I am standing on the beach, ready to live out my lifelong Gidget fantasy.
When I was 11 years old, I had a dream. It was a flight of fancy shared by every starry-eyed, landlocked, adolescent lass in mid-'60s America.
I wanted to be a surfer girl.
My obsession was due, in large part, to Sally Field, who played the irrepressible "Gidget" on TV. (Yes, all you Gidget purists, I know Sandra Dee was the original surfing pixie, but I was barely out of diapers when the movie came out. Sally Field will always be Gidget to me. It was, in my mind, her greatest role, "Norma Rae" notwithstanding.)
Gidget was pert and petite. She wore a yellow ruffled bikini that covered her navel, and all the boys adored her. "Gidge" was smart and sassy. She was sweet to her widowed dad and loyal to best friend, Larue. She had a princess phone and a boyfriend in college. Princeton, no less.
And - cowabunga! - could that girl surf. With giant waves crashing behind her (I was blissfully unaware of green screen technology back then), Gidget could easily hang 10 with Moondoggie and all the guys.
I didn't want to be just any surfer girl. I wanted to be Sally Field.
Each week, after watching an episode of "Gidget," I would dash up to my room, turn on Jan and Dean, jump onto my bed and "surf" the wild "waves" of my springy mattress. I'd bend and sway and - whoa! - almost fall off my "board" to spin my arms, windmill-like, to save myself from a wipeout. I was convinced I could shoot the curl. If only I could find waves bigger than the ones in my bathtub.
Forty years later, standing on a beach in Sayulita, Mexico, I finally have my chance. Located 35 miles north of Puerto Vallarta, Sayulita is reportedly one of the best places for beginners to learn how to surf. It's also a great spot for experienced surfers to do some hot-dogging. Something about the beach having a right and left break, whatever that means.

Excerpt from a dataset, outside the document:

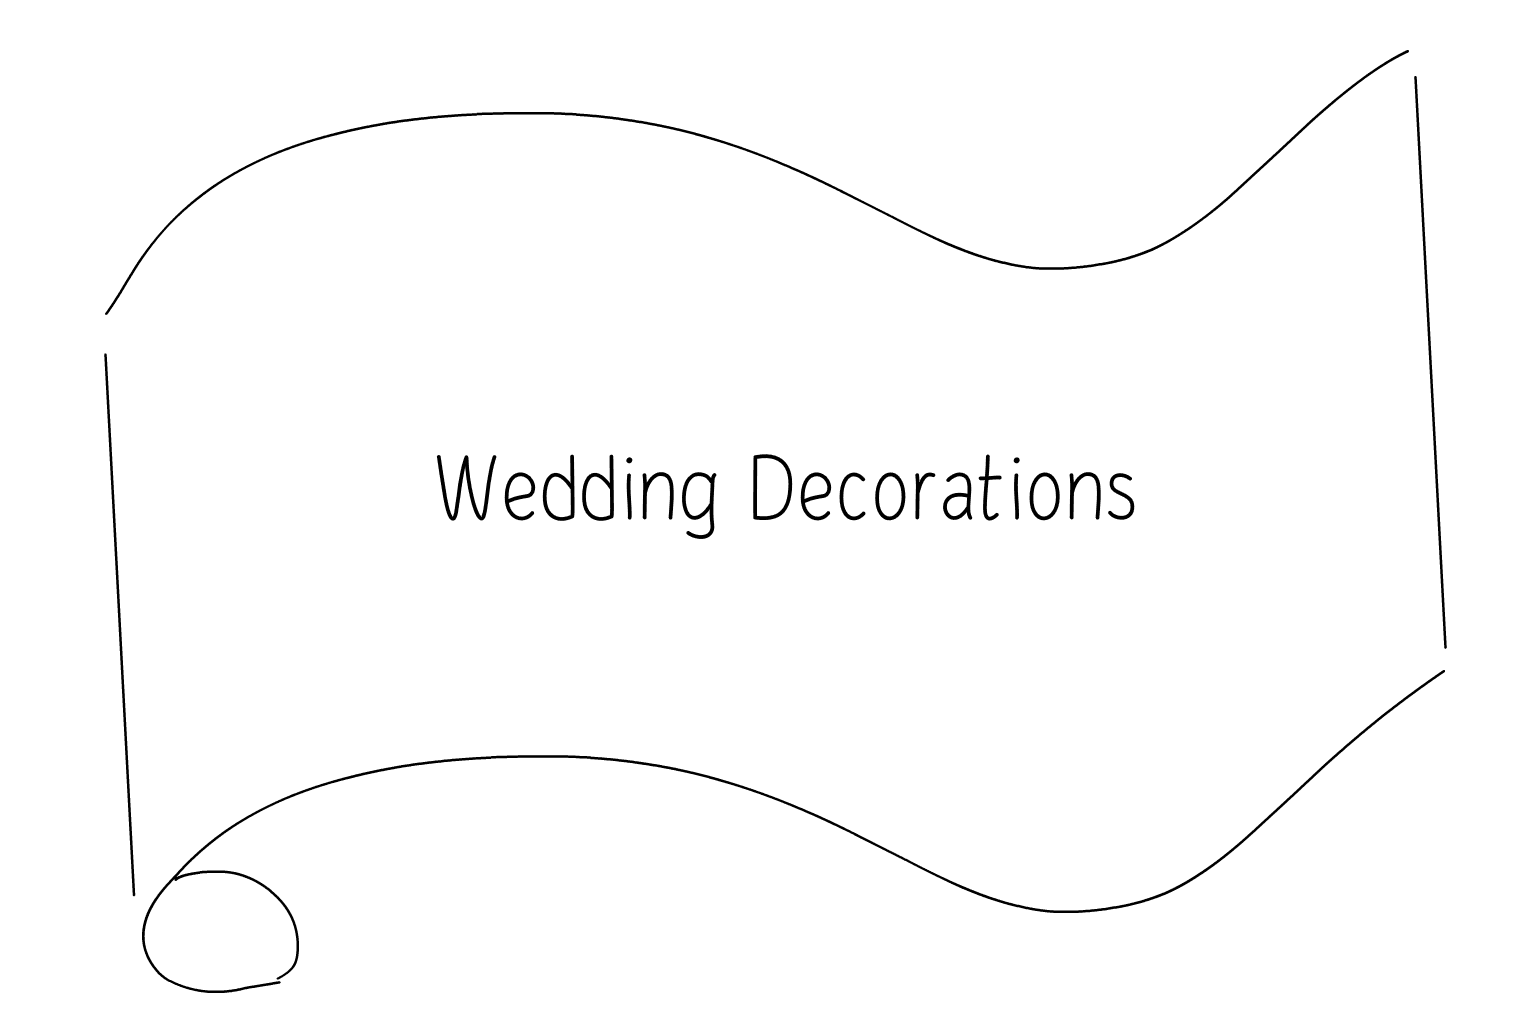 Illustration of Wedding Decorations & Lighting

I've been watching people lug their surfboards past my umbrella all day. Tan, muscular types - men and women - carrying long boards on their heads or short boards under their arms.
I observe them for a while longer, then realize the common denominator they share: They are all under 35 years of age.
A chorus of alarm bells goes off in my head. Maybe surfing isn't something I should rush into.
Instead, I grab the boogie board that came with our rental villa and, with the Beach Boys' "Catch a Wave" playing in my head, I bound for the water.
"If I pass the boogie board test," I think, "I can advance to real surfing. I've been boogeying since the '70s. How hard can it be?"
I skip into the ocean, cold waves lapping at my legs. I wade out, deeper and deeper, until the water is chest-high. Off in the distance, a swell is building and heading toward me. It looks big.
"Surf's up!" I cry and hoist myself onto the board, hugging it and bracing for the ride of my life.
The wave starts to curl downward. It's a FREAKING TSUNAMI! I start to kick my legs and paddle furiously to get out in front of it.
Before I can cry "Banzai!" the wave crashes down, pitching me forward in a gnarly whirl of blinding, salty foam. The board flies out from under me and, after a two-second head-over-heels tumble, I land facedown on the beach. My hair completely covers my face. My swimsuit is twisted into a wad, and I'm swallowing sand.
Something tells me I didn't exactly rip it.
Just then, I experience another of life's revelations.
Sally Field isn't surfing anymore, if she ever did at all. She's shilling for Boniva, for crying out loud. "Gidge" is a spokesperson for osteoporosis medication!
Dude. Talk about a wake-up call.
I rescue my boogie board from the drink and head up to the villa. I inform the family I'll be in my room.
As I traipse through the sand, the tune in my brain changes to the melancholy strains of "Surfer Girl," and I start to smile.
I wonder if my mattress breaks left or right.